- **Assigned task**:
Write out every line below again exactly as it stands, skipping each image.

- **The data**:
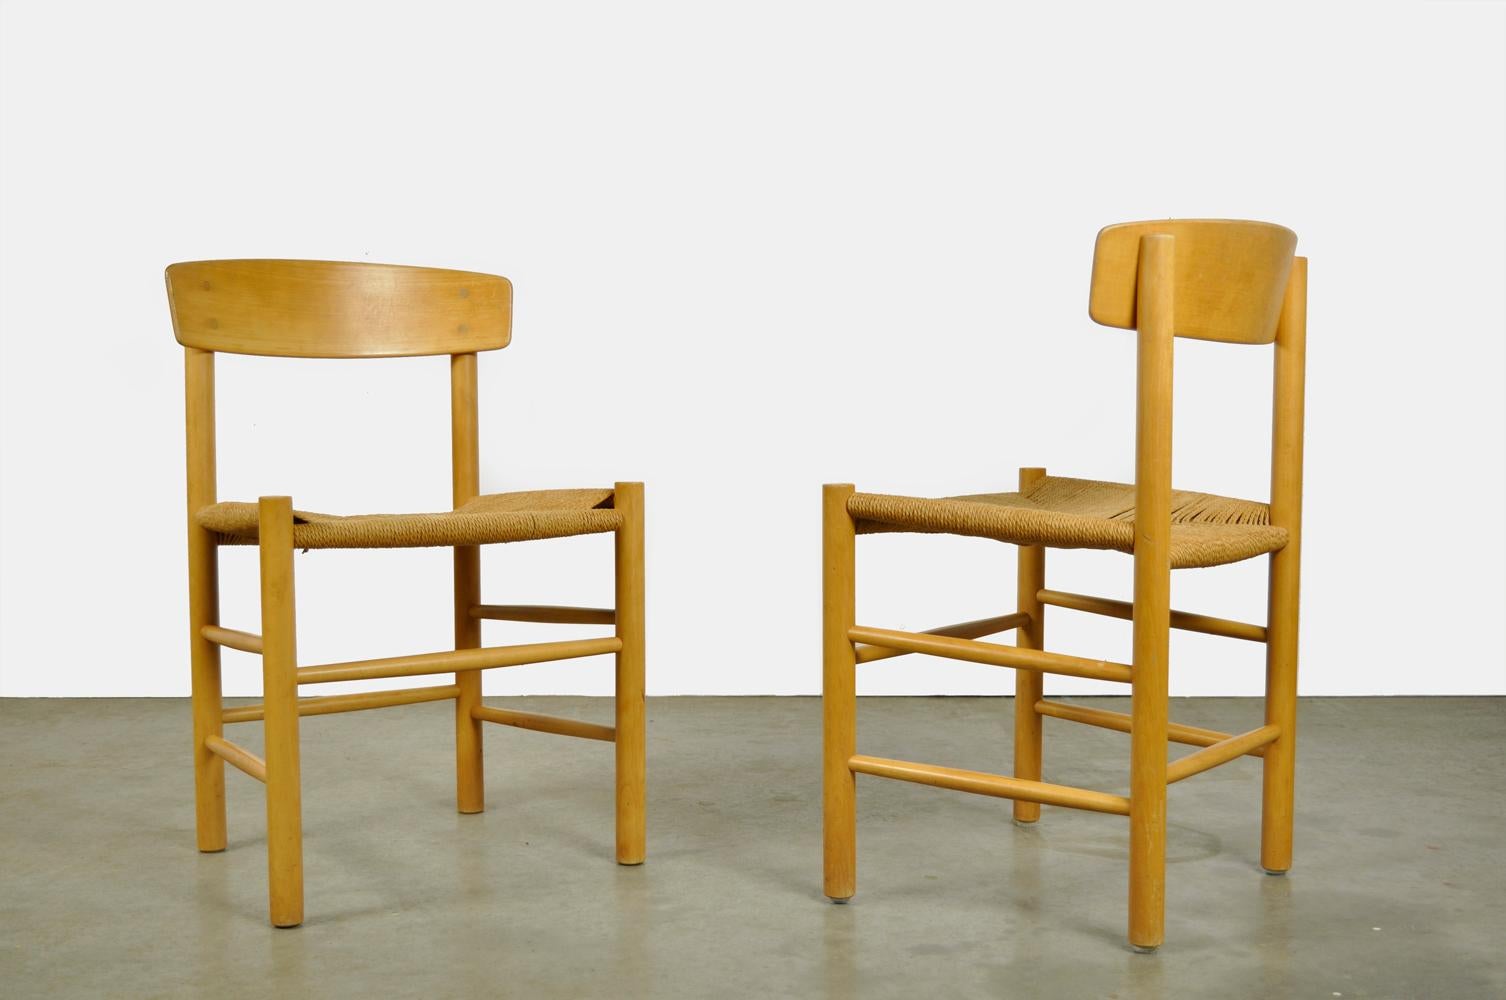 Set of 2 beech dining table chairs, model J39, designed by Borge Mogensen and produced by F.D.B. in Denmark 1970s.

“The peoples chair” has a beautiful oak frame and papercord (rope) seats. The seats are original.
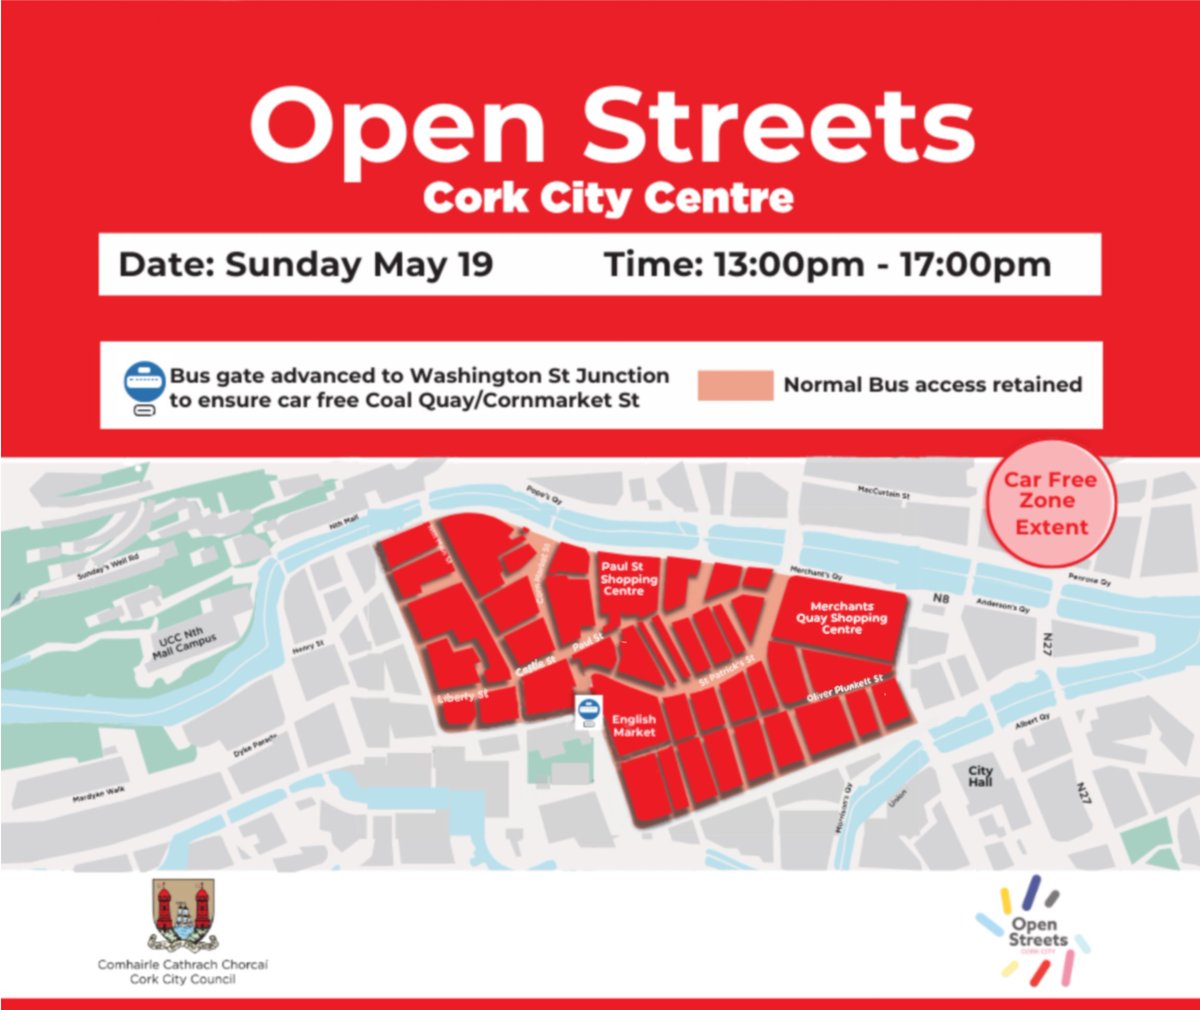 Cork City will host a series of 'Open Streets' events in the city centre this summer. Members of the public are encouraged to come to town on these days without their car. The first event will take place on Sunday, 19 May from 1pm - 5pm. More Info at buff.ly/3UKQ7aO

- **The completed task**:
 Set of 2 beech dining table chairs, model J39, designed by Borge Mogensen and produced by F.D.B. in Denmark 1970s.

“The peoples chair” has a beautiful oak frame and papercord (rope) seats. The seats are original.
 Cork City will host a series of 'Open Streets' events in the city centre this summer. Members of the public are encouraged to come to town on these days without their car. The first event will take place on Sunday, 19 May from 1pm - 5pm. More Info at buff.ly/3UKQ7aO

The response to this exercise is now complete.